Шлегель почти радостно — всегда приятно сознавать, что перед тобою дурак, а ты умен, — карандашиком легонечко проставил крестики против некоторых пунктов.
— Подобное изволили прежде видеть? — он почти торжествовал, словно произведение принадлежало его перу или хотя бы факт его существования сулил ротмистру великие блага, но уж никак не огорчения в недалеком будущем.
— Пустое, — отмахивался Кожеловский. — И бамашки эти, — он так и говорил: «бамашки», — тоже не впервой.
Ну скажите на милость, каков обормот, порадовался Шлегель и, снисходя в доступности выражений до уровня собеседника, известил, что политика-то в листовках здешних появилась впервые; и еще: до сей поры был гектограф, а здесь — типографически, да и набрано с изяществом, и отпечатано не тяп-ляп. Соображение насчет типографии Кожеловского озадачило — «политике» не придал значения, — он почесал пористый нос, подергал усы, вид у него сделался преглупый, чего, собственно, Шлегель и добивался.

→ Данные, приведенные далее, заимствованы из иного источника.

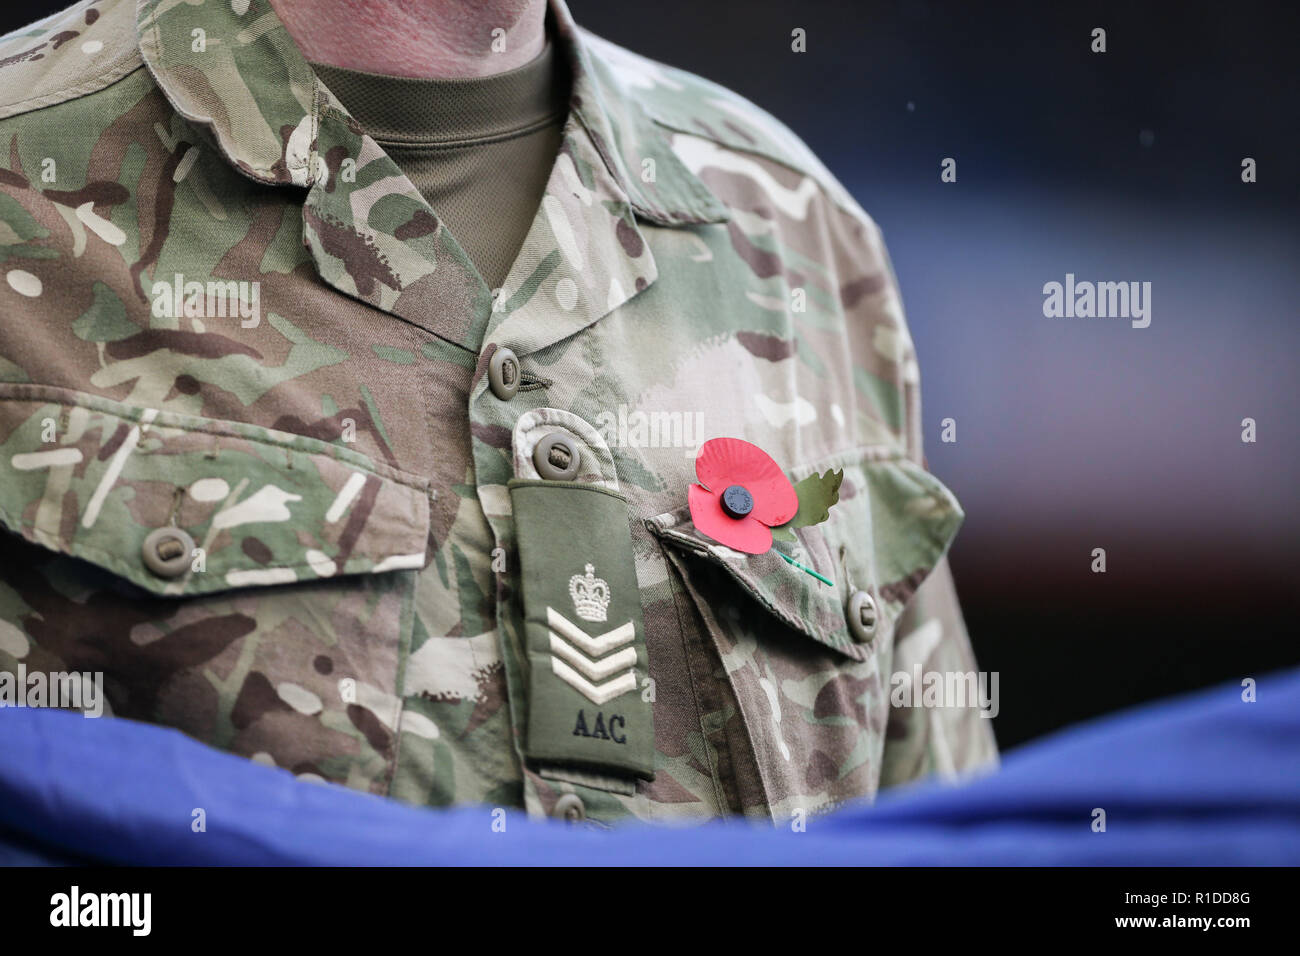 Un membre des forces armées portant un coquelicot au cours de la Premier League match entre Chelsea et Arsenal à Stamford Bridge sur 11 Novembre 2018 à Londres, en Angleterre. (Photo par Arron Gent/phcimages.com) Banque D'Images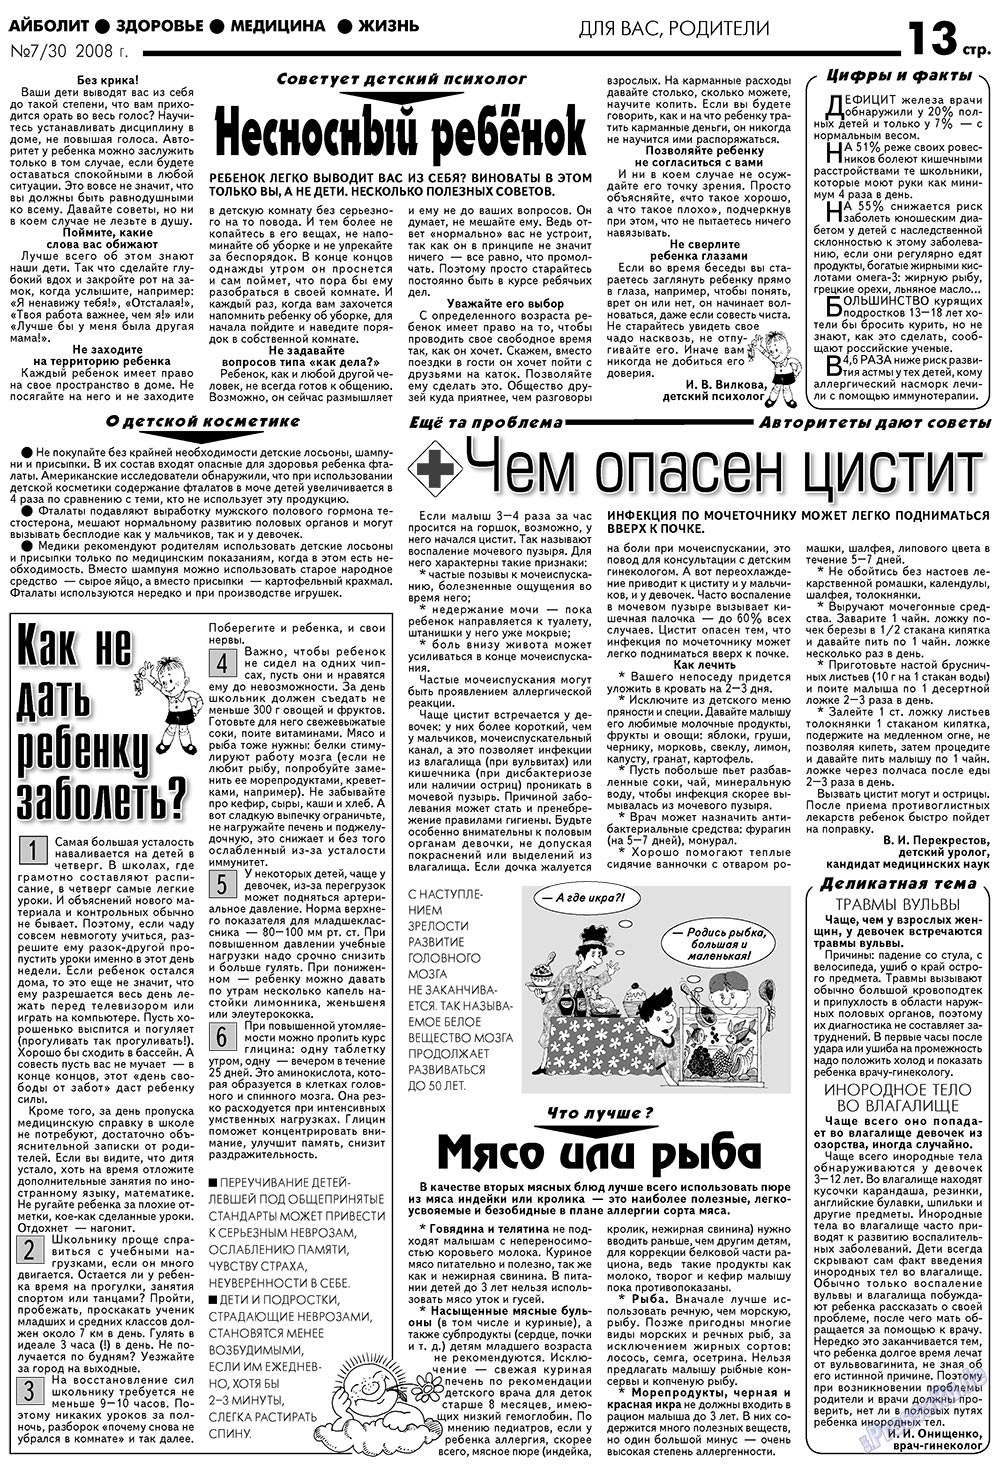 АйБолит, газета. 2008 №7 стр.13

— А самое главное, — продолжал Шлегель, он решил полицмейстера доконать, — час назад меня известили: начнут, по всей видимости, не далее как завтра. С чем вас и поздравляю, ваше благородие.
— Где? — выдавил Кожеловский. — Сейчас подниму казачков своих, до единого всю полную сотню, вокруг забора через две сажени поставлю, единой души не пропущу, мышь и та не проскользнет.
— Имею основания опасаться, — так же ровно, с усмешечкой продолжал Шлегель, — что и десятью сотнями не управитесь, почтеннейший Иван Иванович. Имею сведения: подымется весь город.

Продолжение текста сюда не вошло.